As far as I can tell, pni_map_entry() only allocates space for a
single additional entry at a time, and hence should never recurse more
than once.  I.e. pni_map_ensure should work the first time and prevent
further recursion.

On Wed, Jul 2, 2014 at 7:32 AM, Alan Conway <acon...@redhat.com> wrote:
> On Tue, 2014-07-01 at 07:15 -0400, Michael Goulish wrote:
>> Yes!
>> Great idea --
>> I will attempt.
>
> I would put #ifndef NDEBUG around this code. We will never test it but
> someday on a vital production server at our biggest customer, somebody
> will use a map with 33 levels of nesting. I can guarantee it.
>
> It would be even better to do proper loop detection , i.e. check if
> you've seen the same map before. That would affect performance but I
> think the effect would be negligible for maps with a "normal" amount of
> nesting.
>
>>
>>
>>
>> ----- Original Message -----
>>
>>     [ 
>> https://issues.apache.org/jira/browse/PROTON-625?page=com.atlassian.jira.plugin.system.issuetabpanels:comment-tabpanel&focusedCommentId=14048701#comment-14048701
>>  ]
>>
>> Rafael H. Schloming commented on PROTON-625:
>> --------------------------------------------
>>
>> I think the easiest way to track down this bug would be to put some sort of 
>> detection inside of pni_map_entry and if it recurses more than some limit, 
>> e.g. 32 times or something, then print out a representation of the maps 
>> internal structure. It might also help to use a debug build so you have line 
>> numbers.
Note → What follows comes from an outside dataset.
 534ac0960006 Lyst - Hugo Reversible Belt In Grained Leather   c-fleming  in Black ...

Is that something you feel comfortable trying? You should be able 
>> to find the relevant code around line 551 of object.c.
>>
>> > Biggest Backtrace Ever!
>> > -----------------------
>> >
>> >                 Key: PROTON-625
>> >                 URL: https://issues.apache.org/jira/browse/PROTON-625
>> >             Project: Qpid Proton
>> >          Issue Type: Bug
>> >          Components: proton-c
>> >    Affects Versions: 0.7
>> >            Reporter: michael goulish
>> >
>> > I am saving all my stuff so I can repro on demand.
>> > It doesn't happen every time, but it's about 50%.
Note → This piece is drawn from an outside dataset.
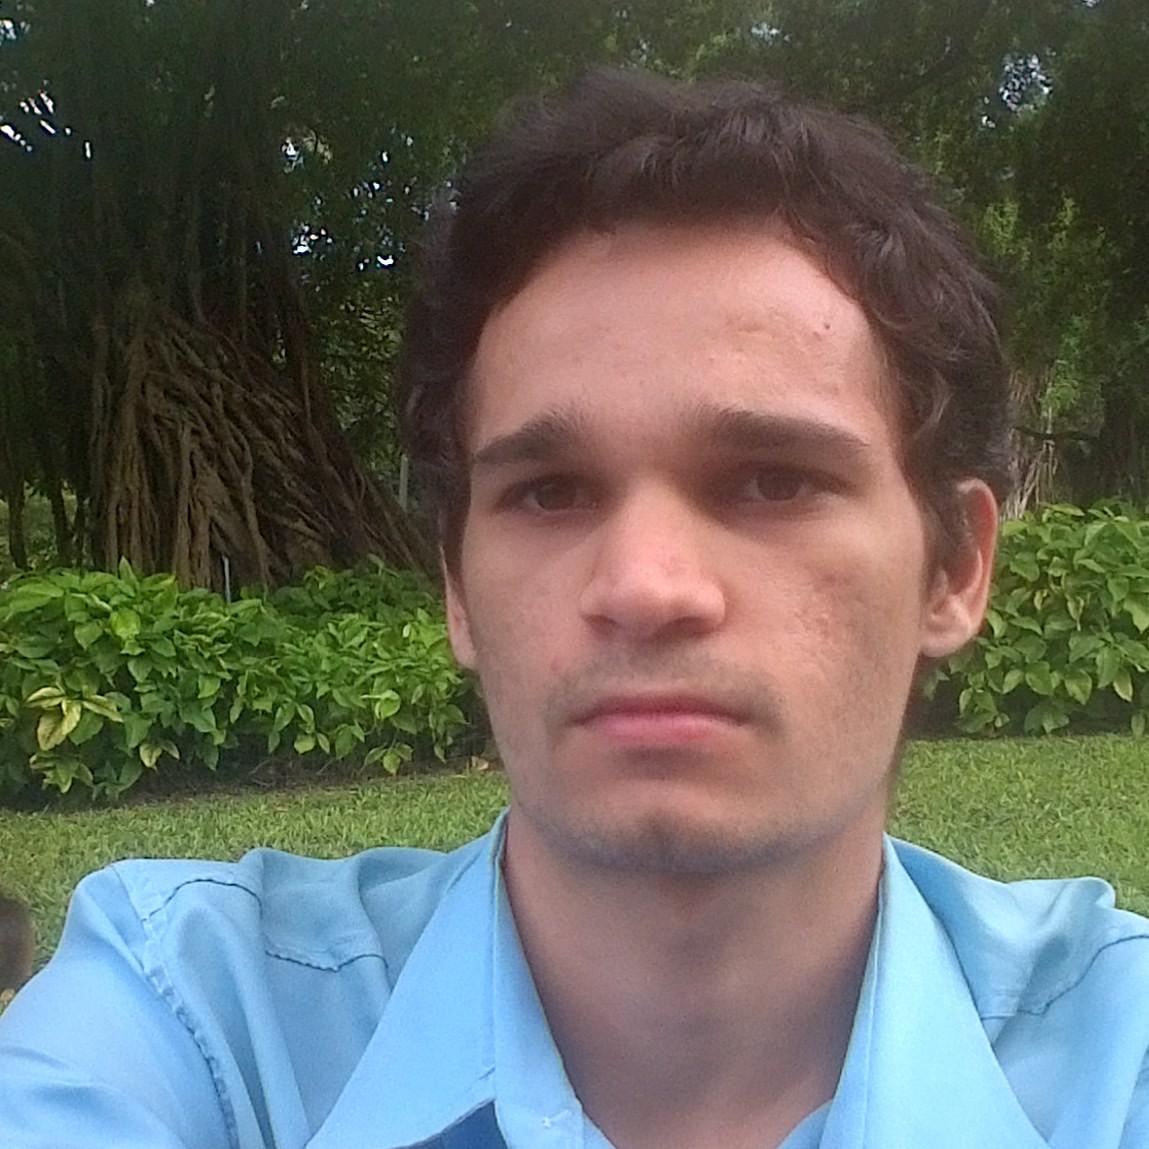 Diego Pacheco Macedo

>> > ------------------------------------------
>> > On one box, I have a dispatch router.
>> > On the other box, I have 10 clients: 5 Messenger-based receivers, and 5 
>> > qpid-messaging-based senders.
>> > Each client will handle 100 addresses, of the form "mick/0" ... "mick/1" 
>> > ... & c.
>> > 100 messages will be sent to each address.
>> > I start the 5 receivers first.  They start OK.  Dispatch router happy & 
>> > stable.
>> > Wait a few seconds.
>> > I start the 5 senders, from a bash script.
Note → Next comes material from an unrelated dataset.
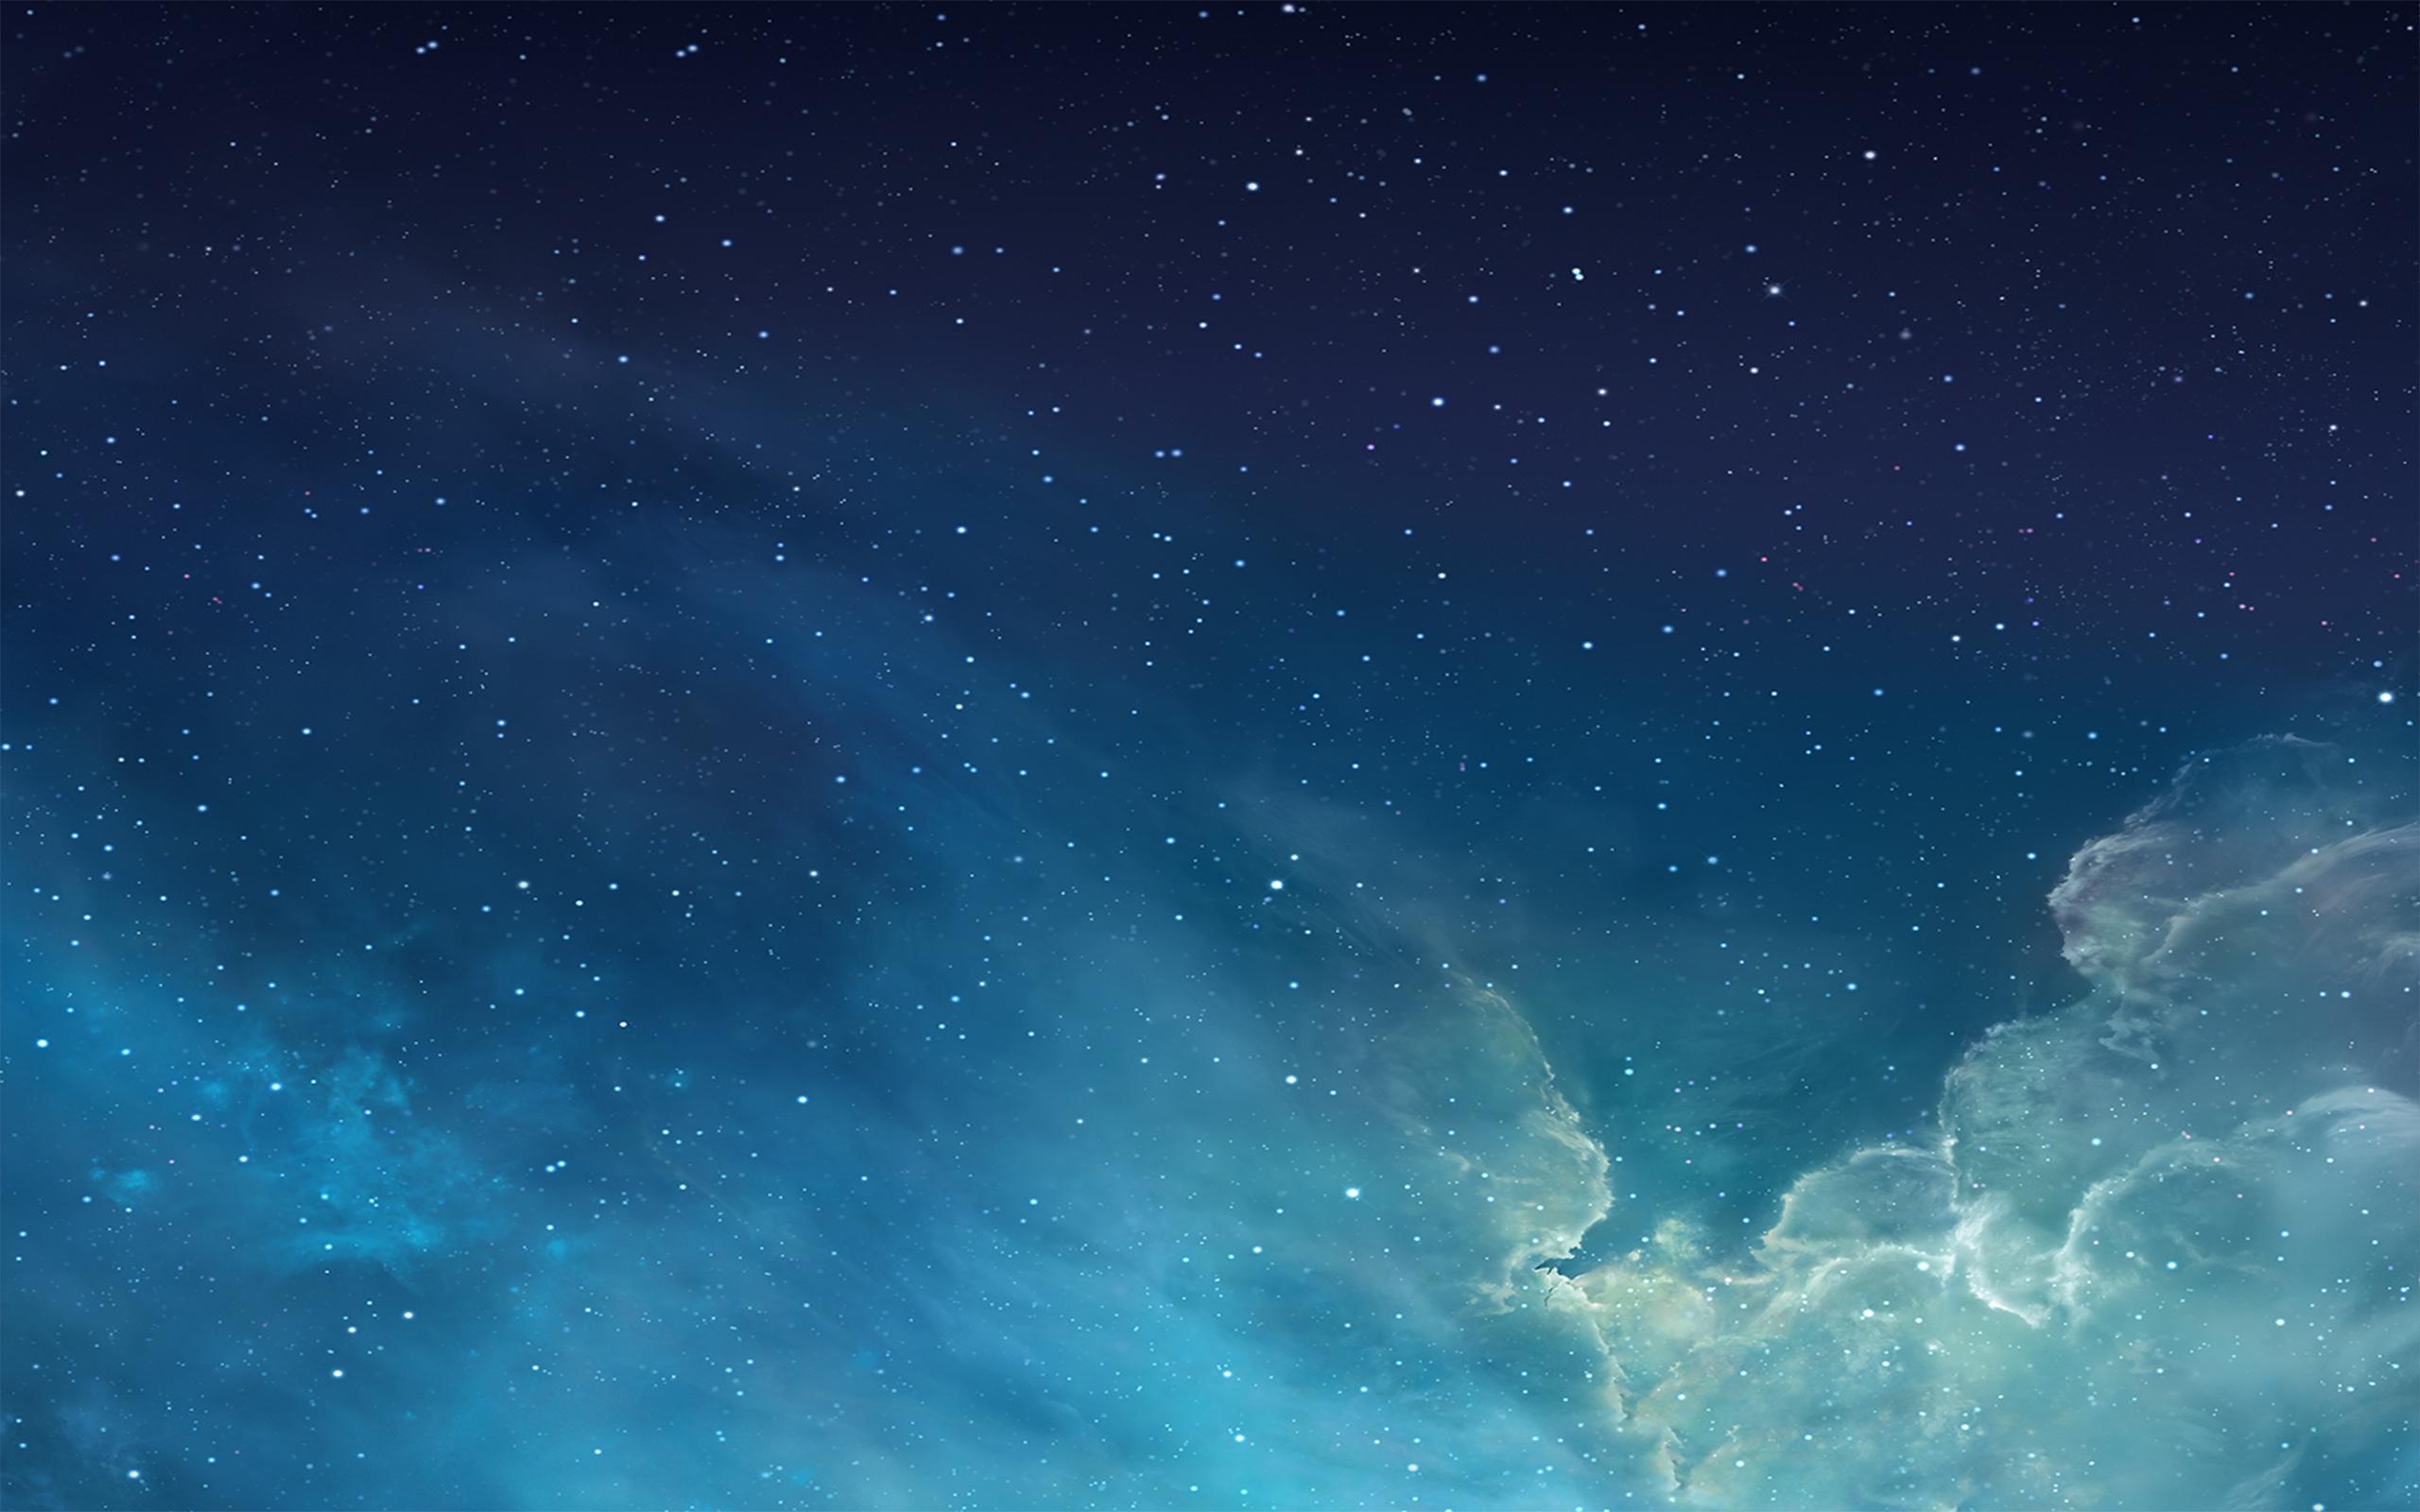 ios 7 galaxy image

>> > The first sender is already sending when the 2nd, 3rd, 4th start.
>> > After a few of them start,but before all have finished starting,  a few 
>> > seconds into the script, the crash occurs.  ( If they all start up 
>> > successfully, no crash. )
>> > The crash occurs in the dispatch router.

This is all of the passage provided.